▶ HOW TO COMPLETE THIS TASK
Set down the lines below, exactly, starting at the one that contains "SGT Fire Anti-Sway Carabiner Keeper" and stopping at the last line, inclusive. Omit pictures.

(STORED DATA Opens)

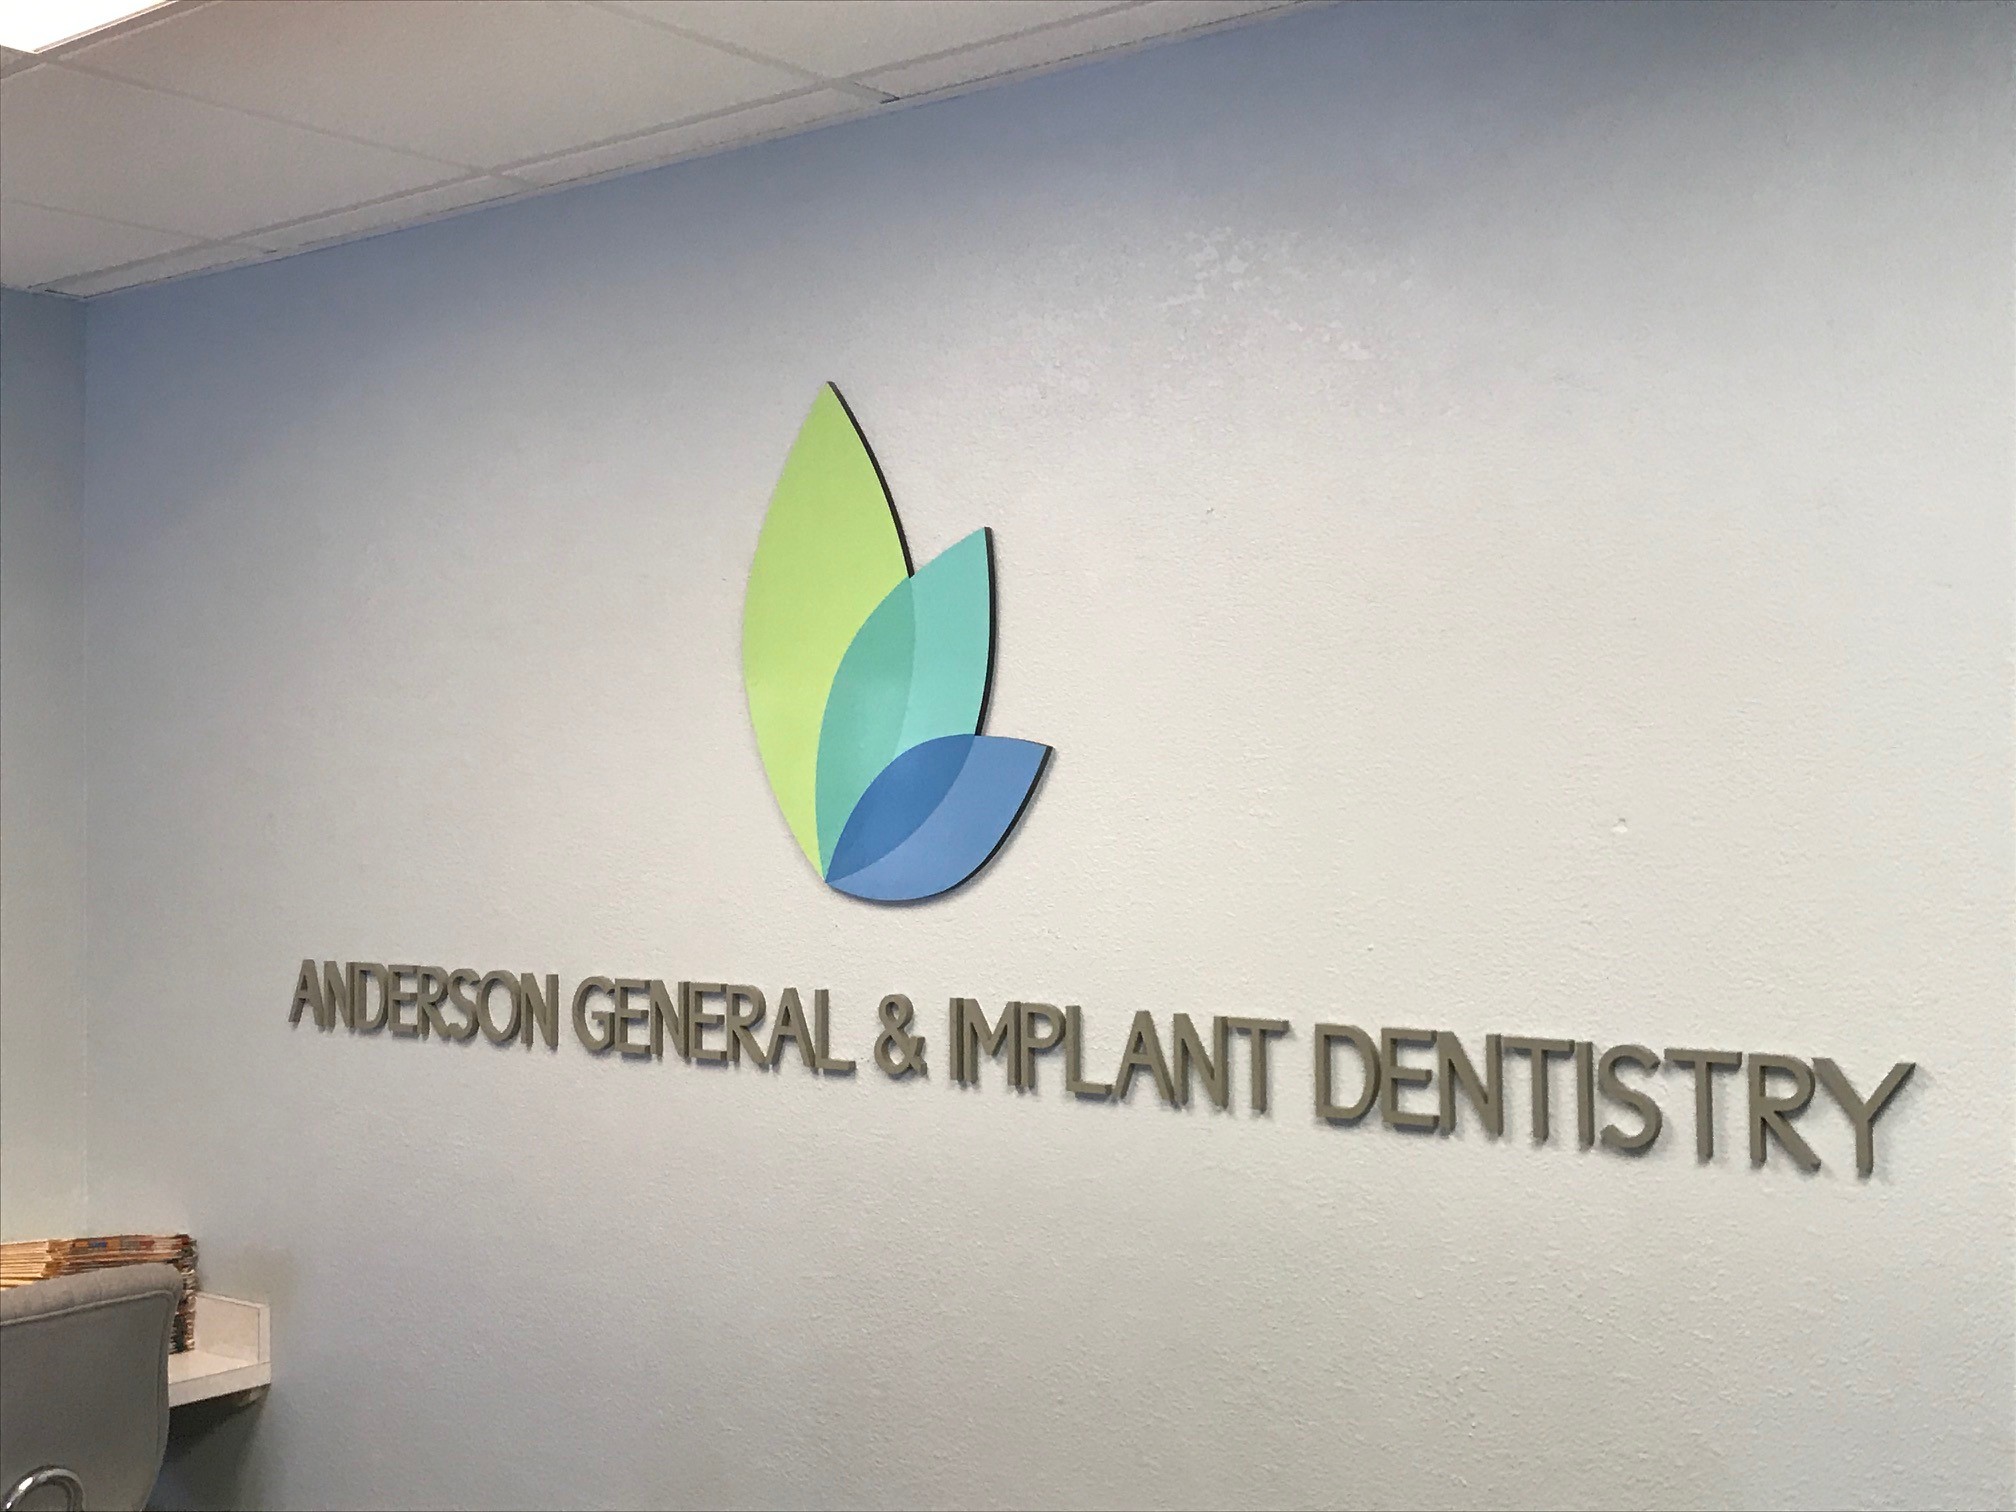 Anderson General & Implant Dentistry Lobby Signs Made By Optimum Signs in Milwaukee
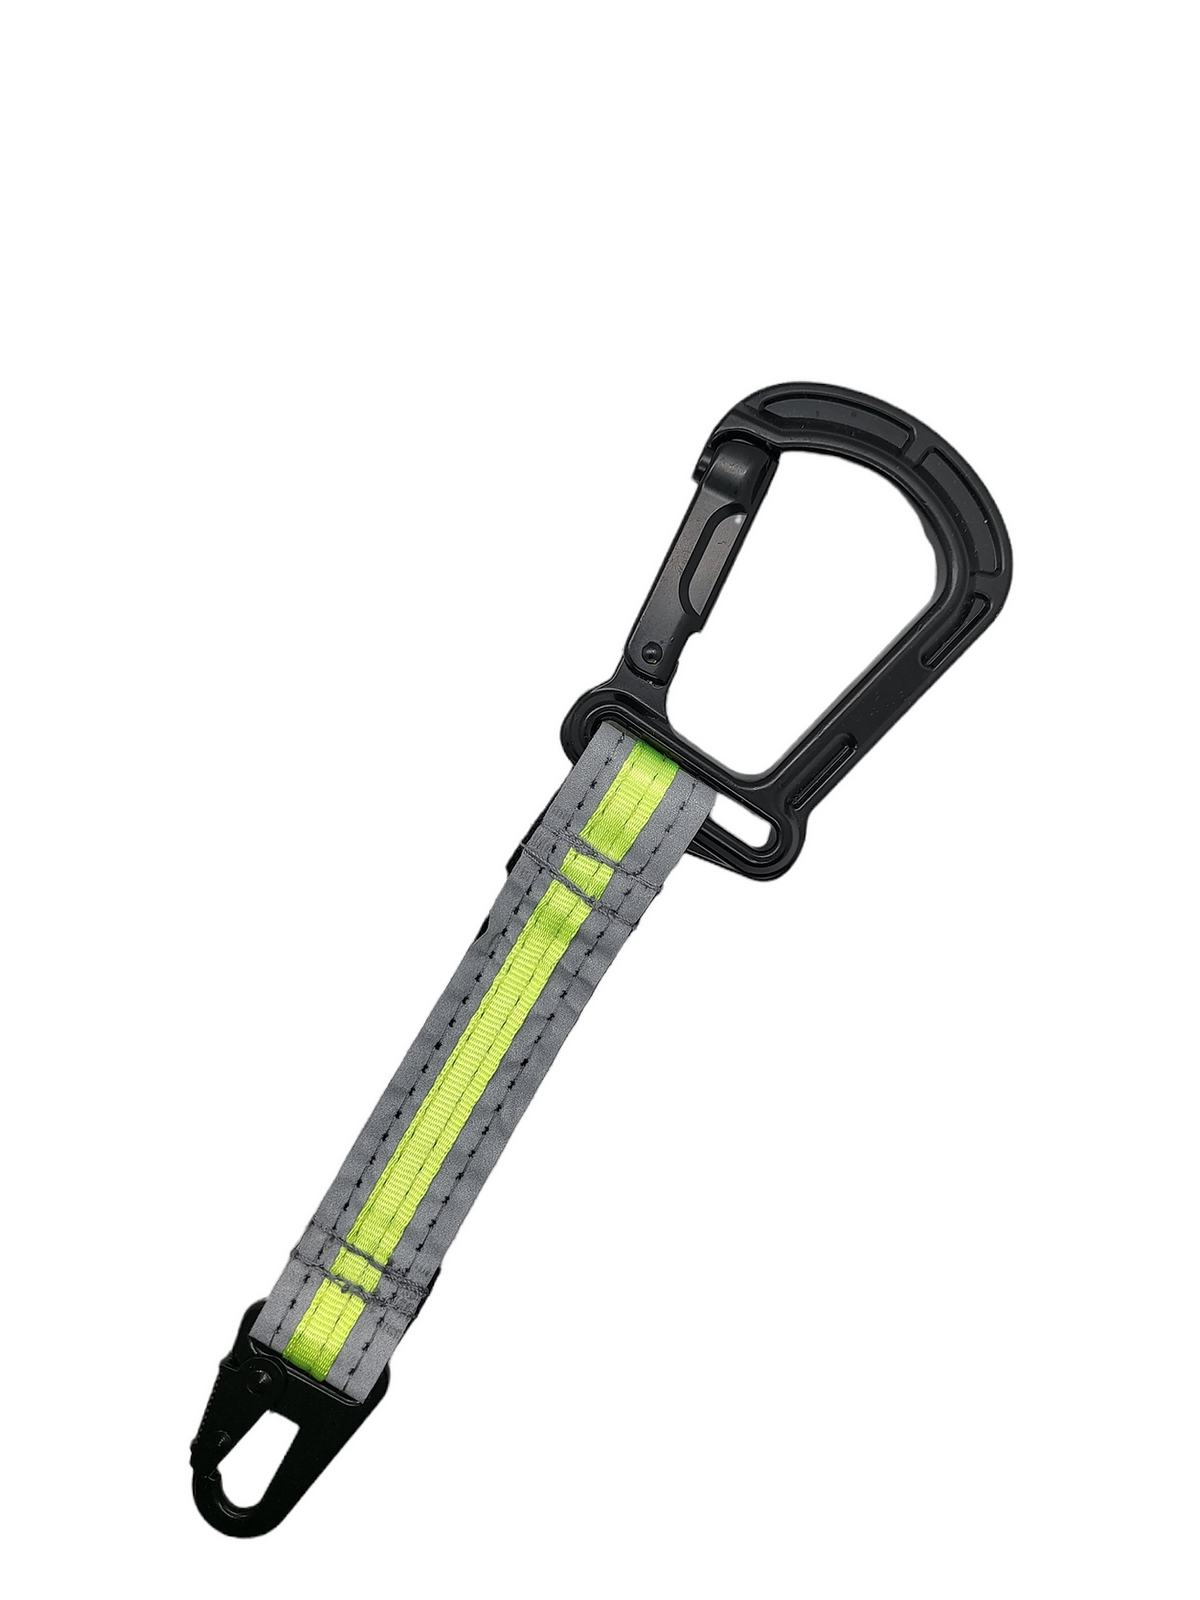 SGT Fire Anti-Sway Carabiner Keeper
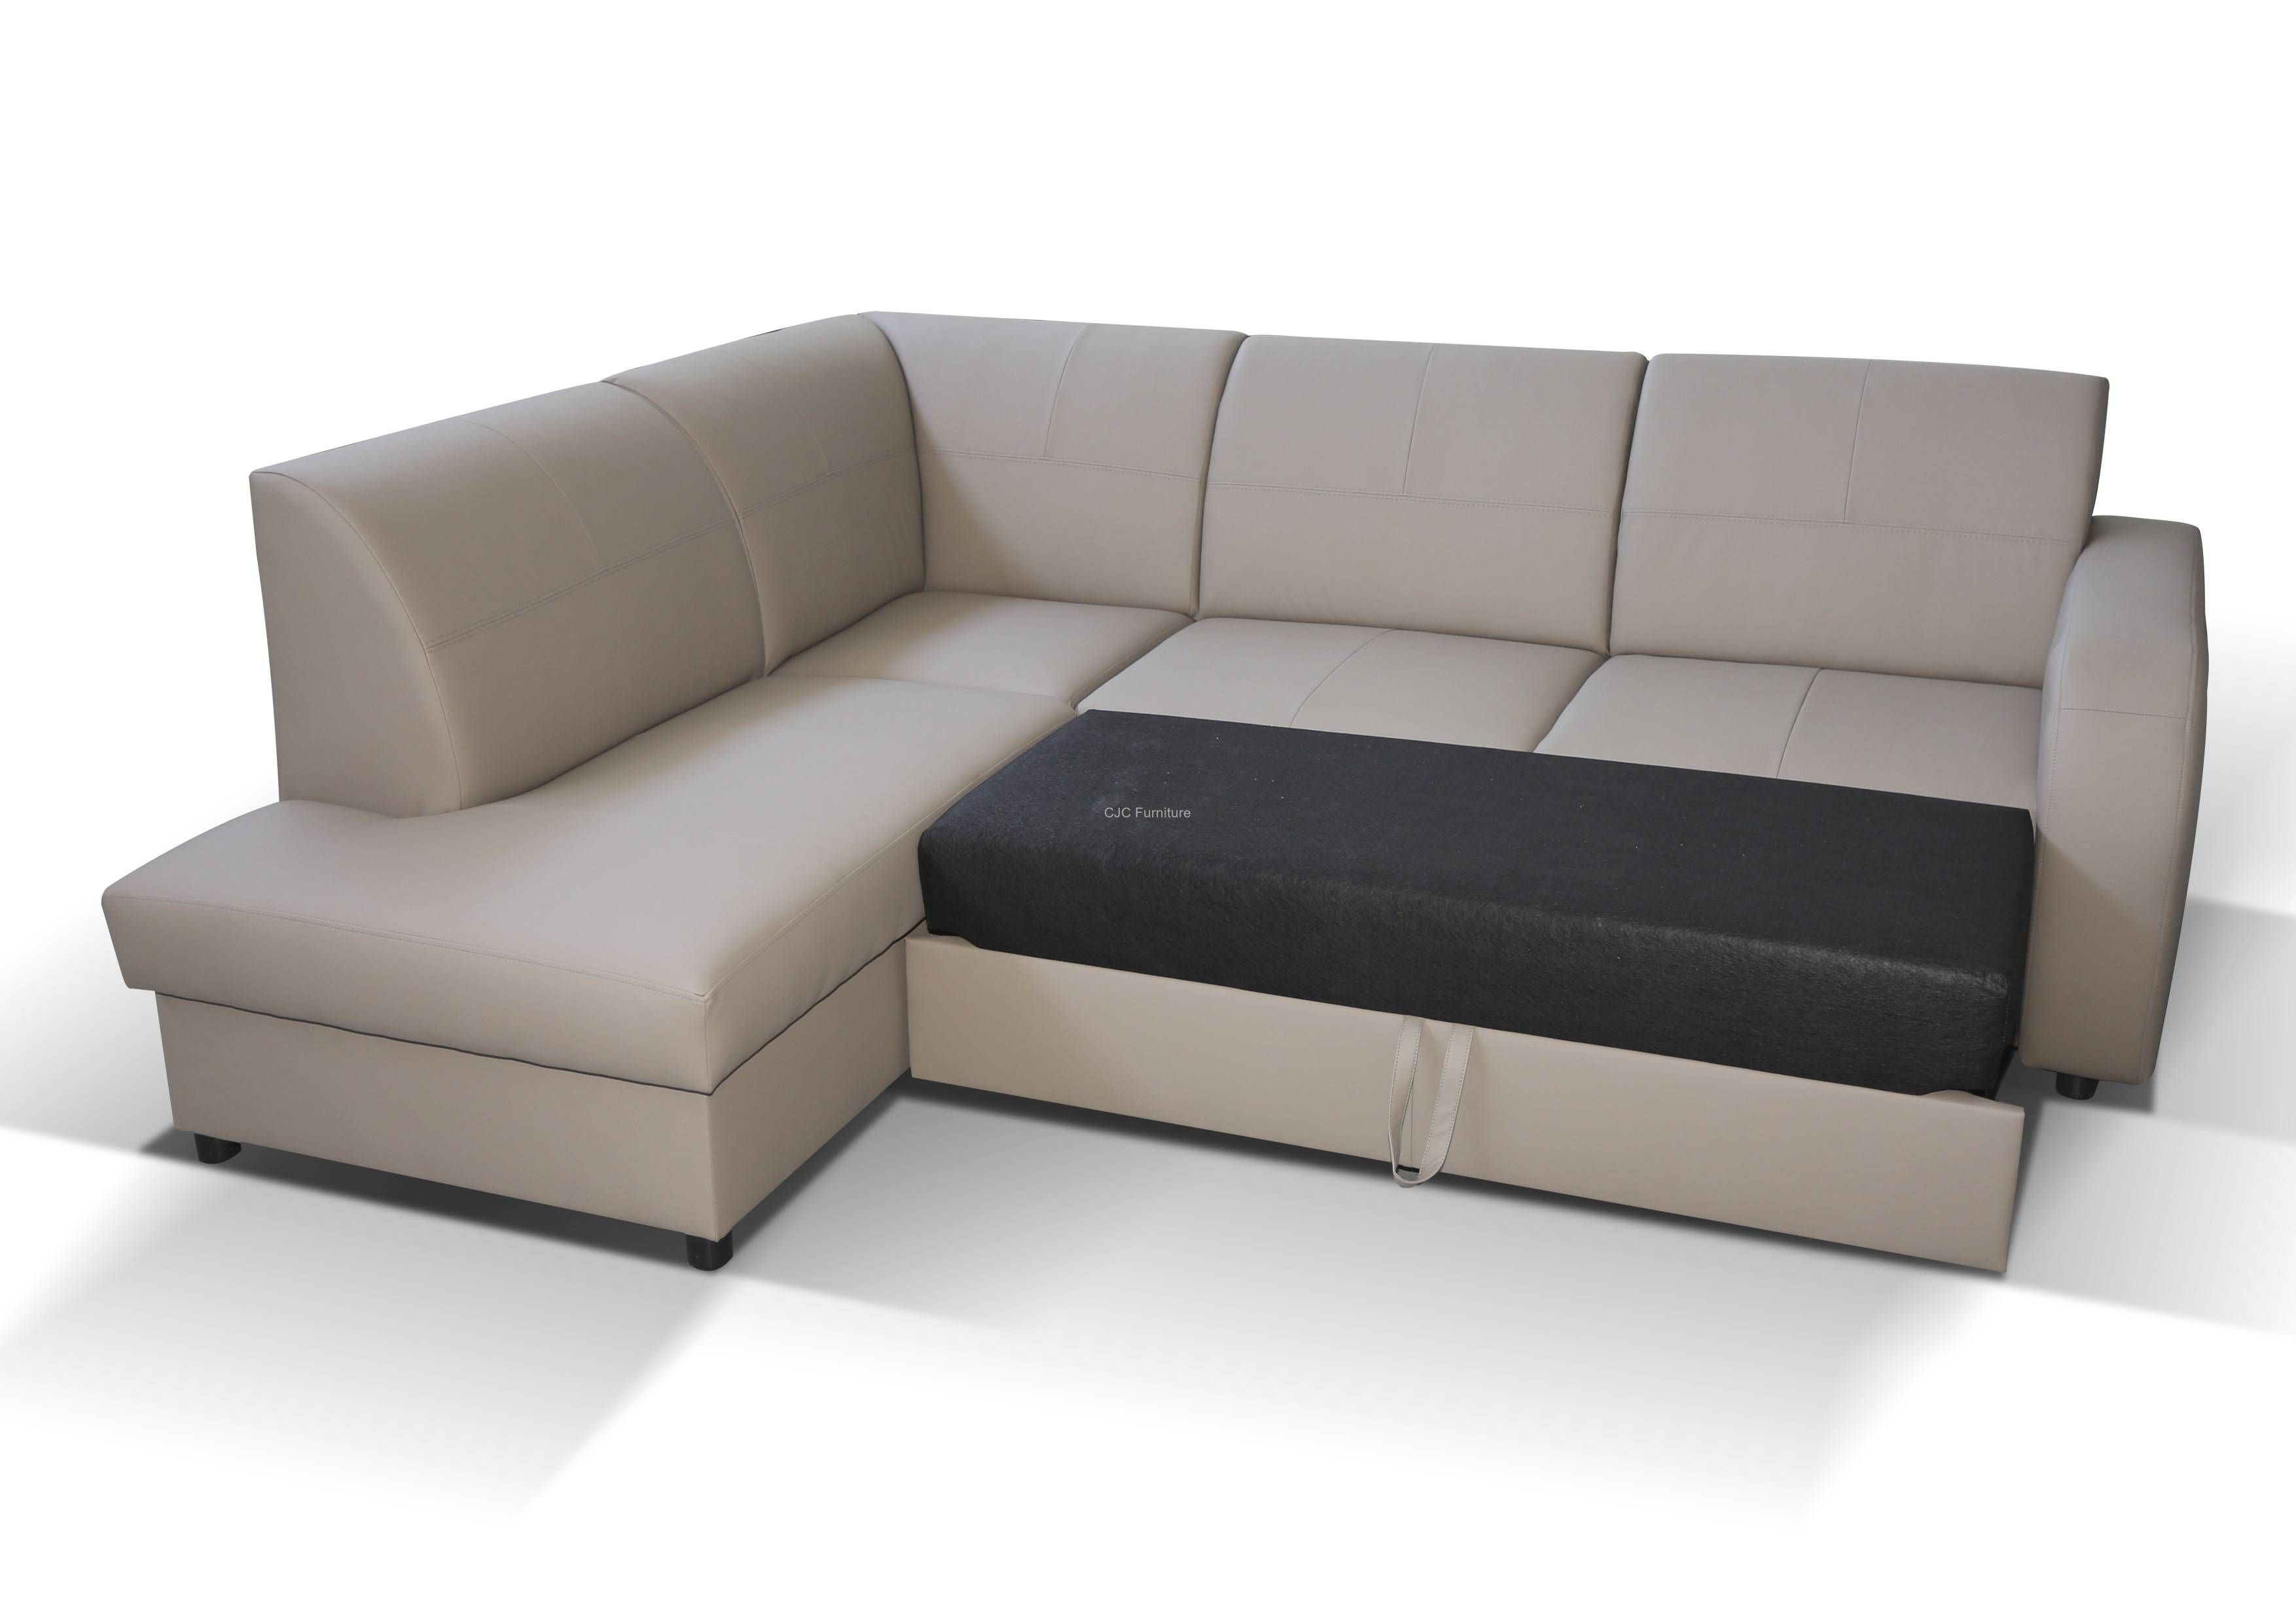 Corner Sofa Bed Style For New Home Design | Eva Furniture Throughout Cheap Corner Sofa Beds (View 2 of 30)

(STORED DATA Closes)

▶ RESPONSE BOX
 SGT Fire Anti-Sway Carabiner Keeper
 Corner Sofa Bed Style For New Home Design | Eva Furniture Throughout Cheap Corner Sofa Beds (View 2 of 30)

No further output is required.